Florida Democrats hope Trump, issues end their losing streak

HOLLYWOOD, Fla. (AP) — There are more Democrats than Republicans in Florida, but that hasn't helped the party win many statewide races over the past quarter century. Weak candidates, low turnout and tepid fundraising have usually left Florida Democrats on the losing end, particularly in nonpresidential years.

But now party leaders believe they have improved their get-out-the-vote and rural and minority outreach programs to go with a not-so-secret weapon to bludgeon Republicans — President Donald Trump. Some think the disdain many in their party have for the Republican president will increase Democratic turnout and money donated to their candidates.

The party's Florida leaders and strongest supporters are gathering this weekend near Fort Lauderdale, the heart of the state's most Democratic region, for their annual convention to plan strategy as they try to win November's governor's race for the first time since 1994 and keep U.S. Sen. Bill Nelson, their one consistent winner, from losing re-election to the outgoing Republican governor, Rick Scott.

Florida Democratic Party Executive Director Juan Penalosa said Scott won by a percentage point in 2010 and 2014 while Democrats did little campaigning in heavily Republican regions and did a poor job of turning out voters in Democratic ones. That is changing, he said.

"We have learned from our missteps — we are developing and employing a strategy that is working in 2018," said Penalosa, who said there will be an emphasis on local issues like education. He is not as enthusiastic about directly attacking Trump as other Democrats but says it will have its place.

"Trump has absolutely galvanized our base because we now know what's at stake when we lose elections," he said.

There are 4.8 million registered Democrats in Florida, compared with 4.5 million Republicans. Some are conservative Dixiecrats who mostly vote Republican, but it's still an advantage. Even with that edge, since 2000 the Democrats have won six of 27 statewide races, mostly because they are two for 18 in nonpresidential years like this one, where the governor, Cabinet and, sometimes, a U.S. senator are elected.

One reason, some Democratic strategists say, is simple - Republicans did a better job energizing voters, particularly in 2010 and 2014 when they used the presidency of Barack Obama to motivate their base. Trump can do that for Democrats this year, some believe.

Republicans in past campaigns try to tie Democrats who have baggage, like Hillary Clinton, to Florida Democrats seeking local or state office.

"They nationalize it, whether that be Hillary Clinton or (former House Speaker Nancy) Pelosi or anyone from our party who might be seen as negative," said Screven Watson, a political consultant and former state party executive director. "We have to do the same thing with Donald Trump."

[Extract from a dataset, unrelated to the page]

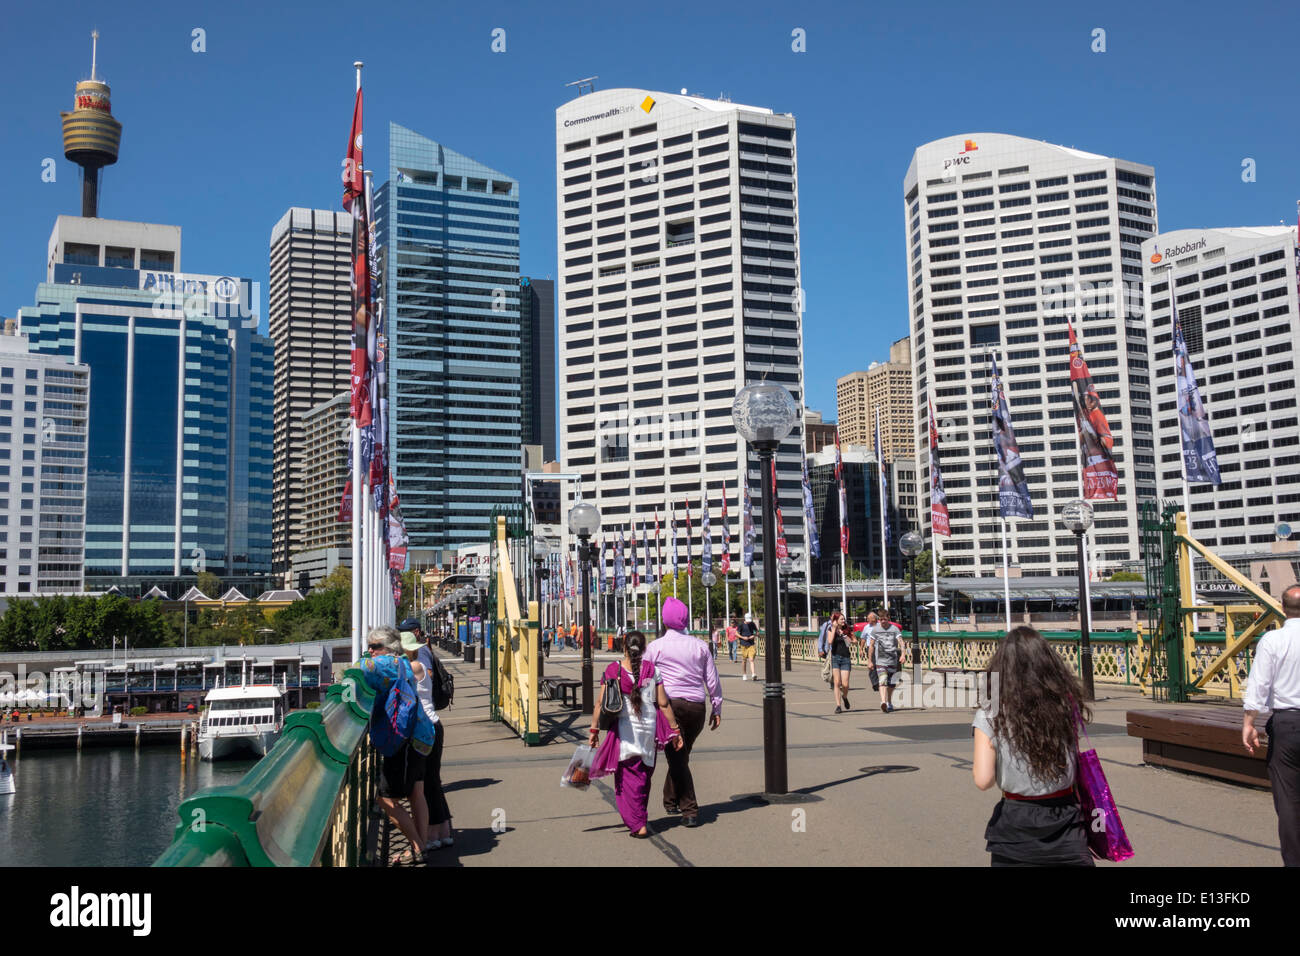 Sydney Australien, Darling Harbour, Hafen, Pyrmont Bridge, Wandern, Cockle Bay, Wolkenkratzer, Skyline der Stadt, Sydney Tower, AU140311039 Stockfoto
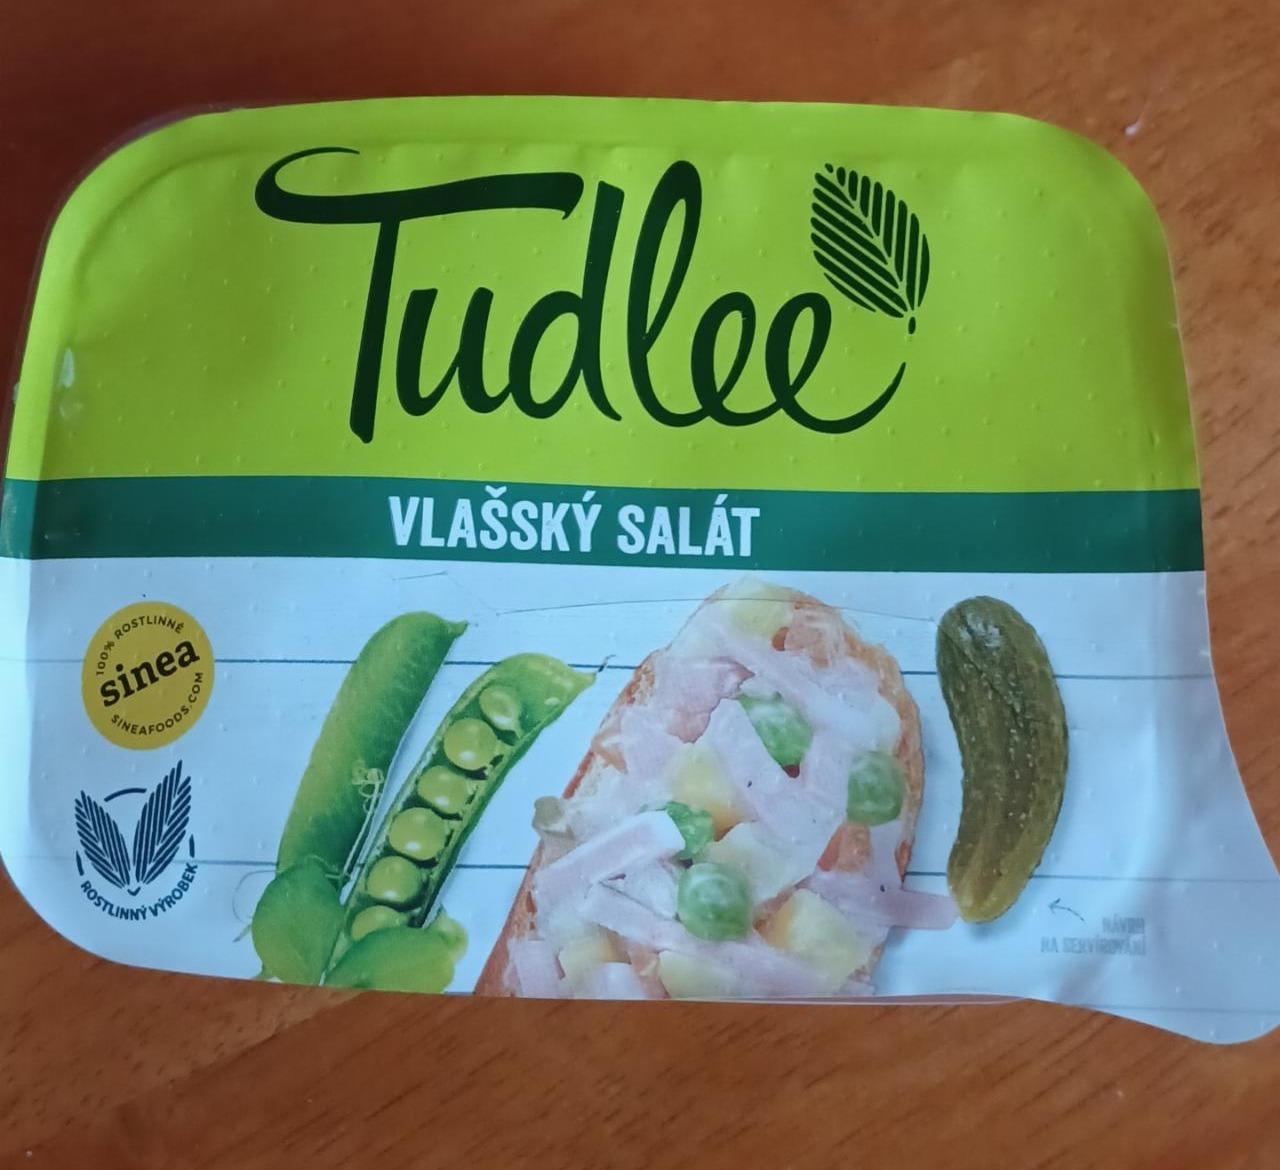 Fotografie - Vlašský salát Tudlee

Nelson has been Florida Democrats' strongest performer the last 20 years, claiming three of the party's six wins in the 2000s (Obama had two of the others in 2008 and 2012), but that comes with a small asterisk: his last two GOP opponents, former Florida Secretary of State Katherine Harris and former U.S. Rep. Connie Mack IV, ran campaigns that imploded.

If Democrats want to retake the Senate, Nelson must win. Scott, whose banned from seeking a third consecutive term, runs highly disciplined and well-financed campaigns, bolstered by his immense personal wealth as the founder of a hospital chain.

Scott seems to have anticipated the Democratic strategy - while Trump and Scott have long been tight, the governor rarely mentions him now.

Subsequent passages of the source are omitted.